Opinion: Try this
This is so I won't get sued.
Last week a friend of mine, Jake Laffere, and I were watching highlights of the Marlins-Giants playoff game when he suggested a strategy Florida should use in dealing with Barry Bonds.
Charge the plate, Jake said.
Drop the glove and bull rush the future Hall of Famer.
Instead of walking Bonds on each at-bat, as the cowardly Marlins did almost every time, Jake said he'd have his pitcher jump Bonds before the home run hitter even stepped into the batter's box.
A thought provoking strategy indeed.
With equal amounts of fear and surprise, Bonds would have to defend himself when faced with a deranged, psychotic pitcher.

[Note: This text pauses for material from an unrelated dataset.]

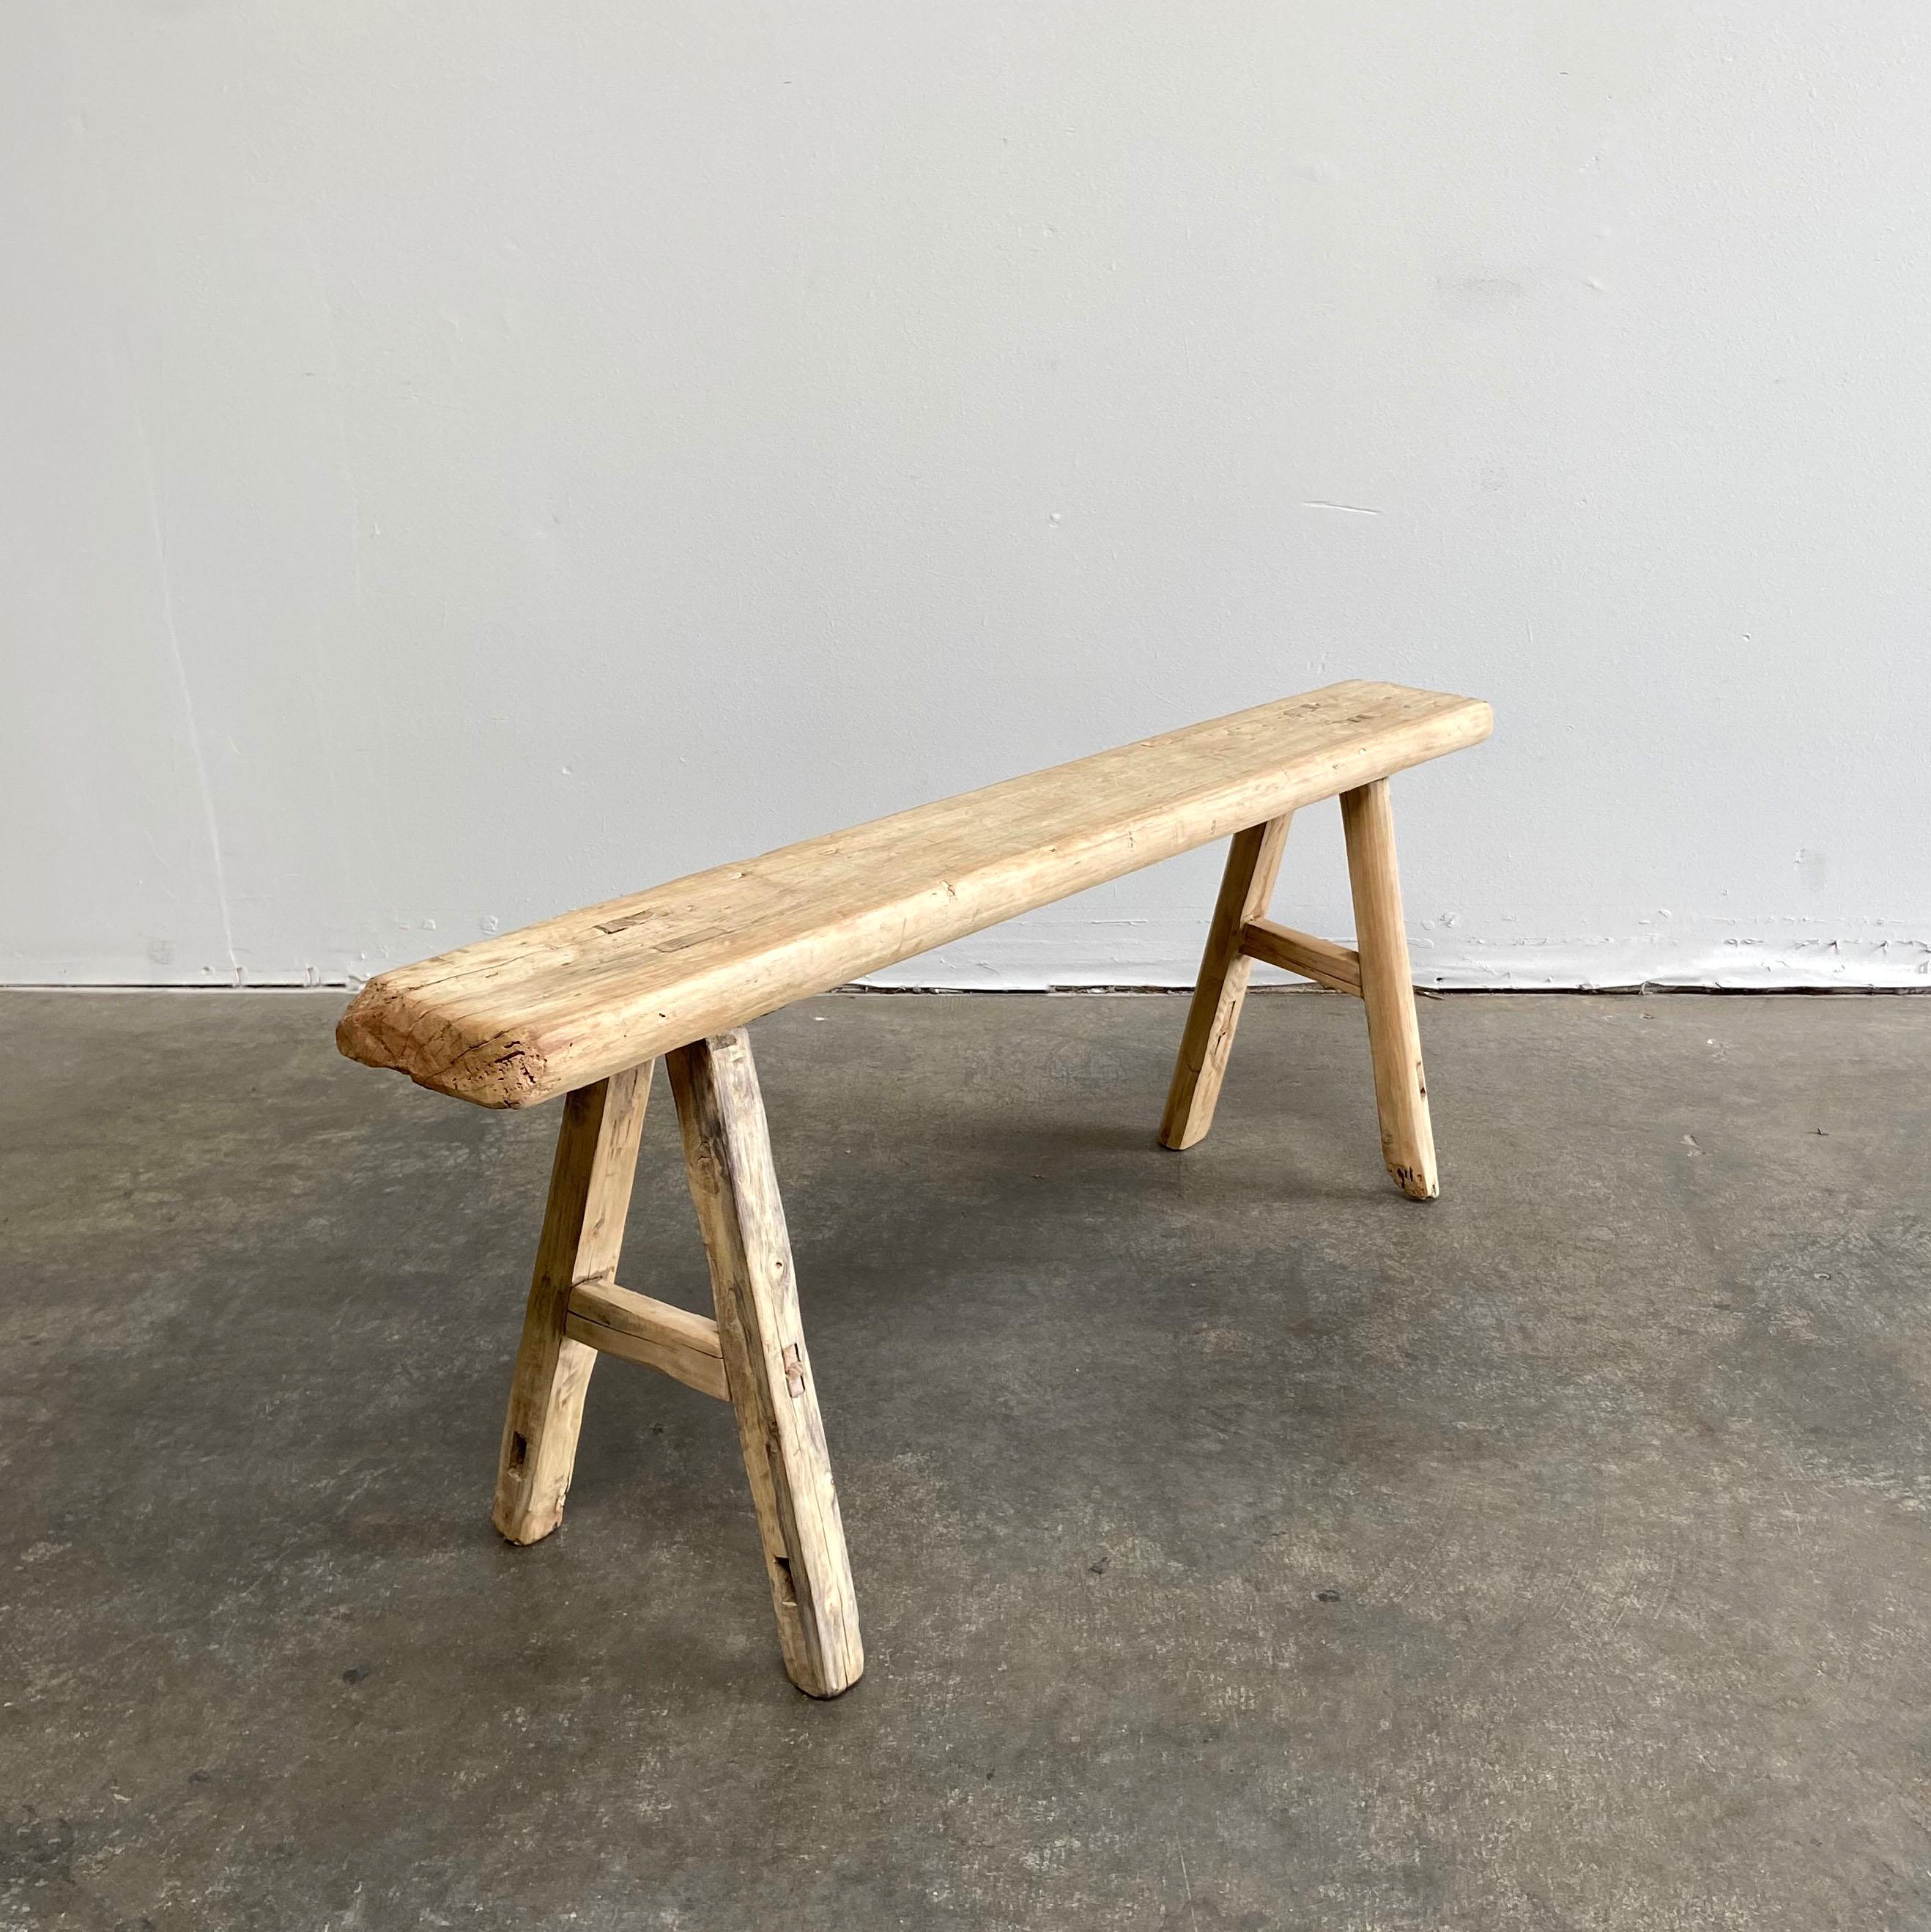 Vintage antique elm wood bench
These are the real vintage antique elm wood benches! Beautiful antique patina, with weathering and age, these are solid and sturdy ready for daily use, use as a table behind a sofa, stool, coffee table, they are great

The action would most certainly cause a brawl and Bonds could get tossed from the game along with the pitcher, Jake theorized.
"You could even have the catcher jump in," he suggested.
To be fair, Jake was kidding when he suggested his Bill Laimbeer-esque baseball strategy. This is maybe how they play baseball at Fort Leavenworth Penitentiary, I argued.
But, since I needed something to write about this week, I figured I'd run with it. (Jake also said if I didn't give him credit for his suggestion, he'd sue me.)
His idea sparked my idea. What other woe-be-gotten strategies might work in sports? ESPN employed their own hell bent strategy by employing idiot commentator Rush Limbaugh and that worked OK, didn't it?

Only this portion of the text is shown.